O Policiamento Comunitário ou de Proximidade é um tipo de policiamento que utiliza estratégias de aproximação, ação de presença, permanência, envolvimento e comprometimento com o local de trabalho e com as comunidades na preservação da ordem pública, da vida e do patrimônio das pessoas. A Confiança Mútua é o elo entre cidadão e policial, entre a comunidade e a força policial, entre a população e o Estado. O Comprometimento é a energia.

Esta estratégia de policiamento visa garantir o direito da população à segurança pública, mas, tendo em vista que confiança é essencial, o sucesso depende de policiais preparados, do apoio da sociedade organizada, das comunidades, de leis respeitadas e da interação entre poderes, instituições e órgãos envolvidos num Sistema de Justiça Criminal que exige finalidade pública, observância da supremacia do interesse público, valor à vida das pessoas, comprometimento, objetivo, coatividade, instrumentos de justiça ágeis, execução penal responsável e forças policiais bem formadas, respeitadas, valorizadas, especializadas, atuando no ciclo completo e capacitadas em efetivos para exercer função essencial à justiça na preservação da ordem pública e da incolumidade das pessoas e do patrimônio.
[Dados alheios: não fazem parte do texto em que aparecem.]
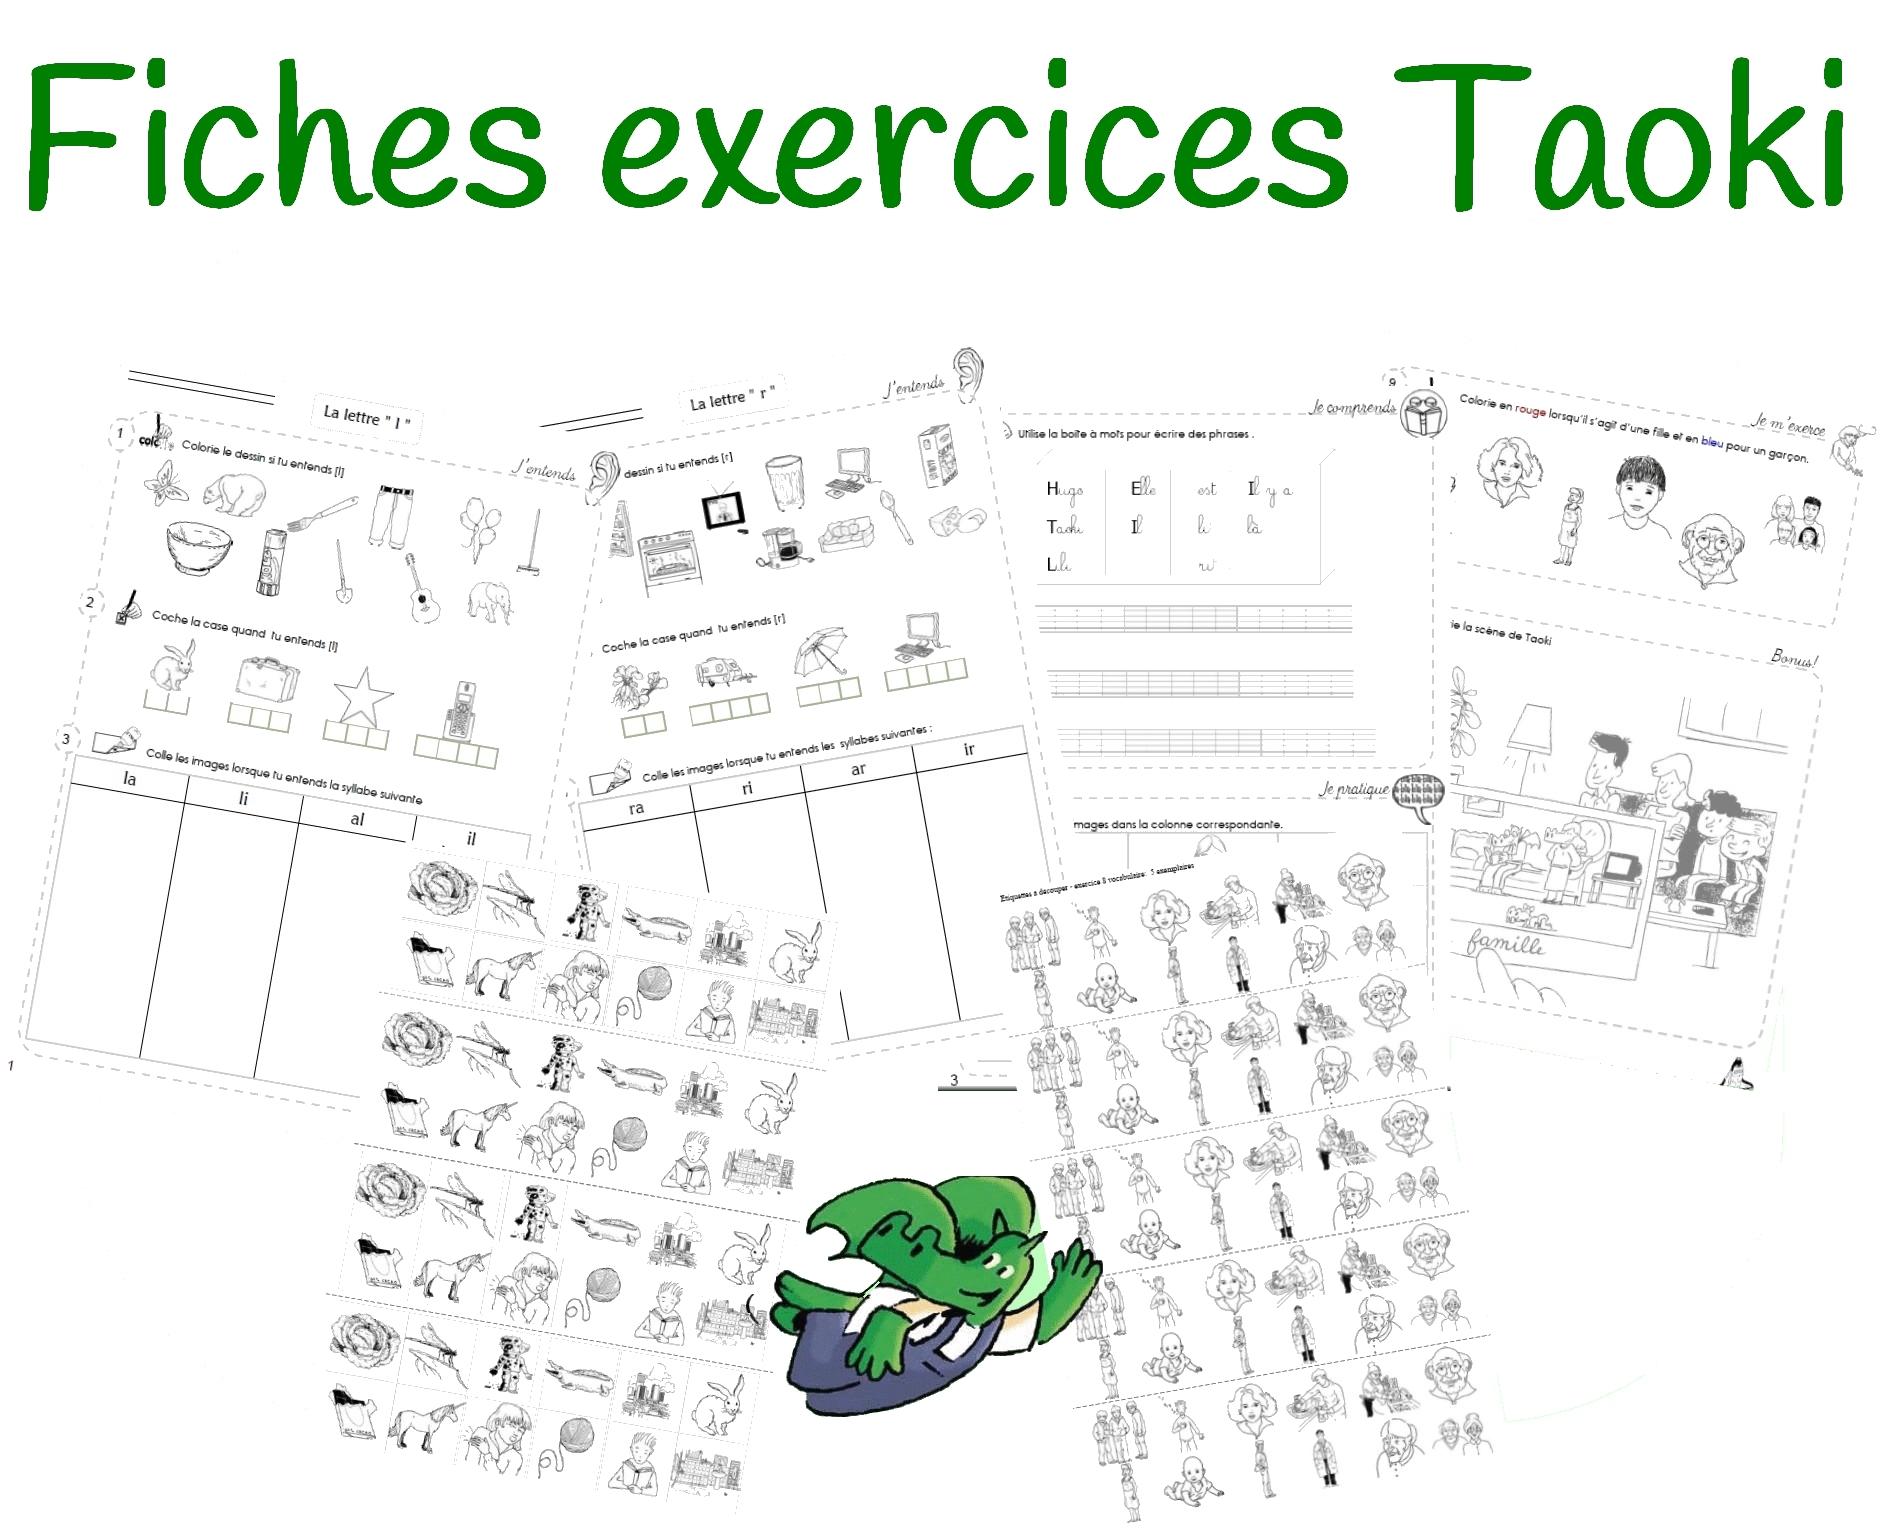 Gut gemocht Fiches d'exercices différenciées Taoki IM55

segunda-feira, 28 de outubro de 2013

O JAPÃO É AQUI


O SUL, 28/10/2013


WANDERLEY SOARES

Sistema nipônico começa a amarelar a política da segurança pública do RS

O município de Lajeado, no Vale do Taquari, implantará seis núcleos do PEPC (Programa Estadual de Polícia Comunitária), que é programado para ser conhecido por 46 mil pessoas. O investimento total chega a R$ 450 mil, o que corresponde a um apartamento de classe média quase alta. Para aperfeiçoar o programa, está sendo realizado um curso de 40 horas de PPC (Promotor de Polícia Comunitária). Lembro que as 40 horas do PPC correspondem a uma semana de trabalho de um professor que leciona em dois turnos. Em Lajeado, participam do PPC 24 policiais e cinco membros da comunidade, que sairão do curso prontinhos para ir à luta. Sigam-me.


Chuzaisho (1)

Segundo o Piratini, o PEPC traz um conceito inédito no Brasil, "aproximando os policiais com a população". Alinhava o policiamento comunitário - denominado Chuzaisho, no Japão - e o de policial de quarteirão. Traz para o perímetro urbano o conceito japonês que coloca o policial a morar em pequenas comunidades da zona rural. Os PMs alugam as moradas nos bairros de atuação (custeadas pelos municípios com bolsa de R$ 600 por mês) e a viatura poderá ficar na própria casa, em algum lugar da comunidade ou no batalhão. A partir do levantamento das necessidades da região, o policial adapta seu horário de trabalho


Chuzaisho (2)

Adotado o sistema nipônico, segundo consigo entender, como um humilde marquês e mero observador da segurança pública, o PM que morar em sua área de trabalho e com uma viatura na frente ou próxima de sua casa, estará de plantão 24h/dia. Ele a sua família. Tal policial será prestigiado pela comunidade e alvo iluminado para bandidos. Chego a crer que o PEPC deverá importar não só o Chuzaisho, como também a cultura japonesa, sem esquecer de tornar os cruzados dos PMs equivalentes aos ienes dos samurais



COMENTÁRIO DO BENGOCHEA - Sou defensor da estratégia do policiamento comunitário, de proximidade e interativo, trabalhado como filosofia de policiamento que aproxima o policial do cidadão, aumenta as relações comunitárias e propicia uma interação preventiva dos delitos, mediação de conflito  e agilidade no atendimento das ocorrências. A base desta filosofia é a confiança mútua e a chave é o comprometimento. Se a base não for sólida e a chave não for a adequada, a filosofia não resiste ao tempo, especialmente se tiver conteúdo político partidário.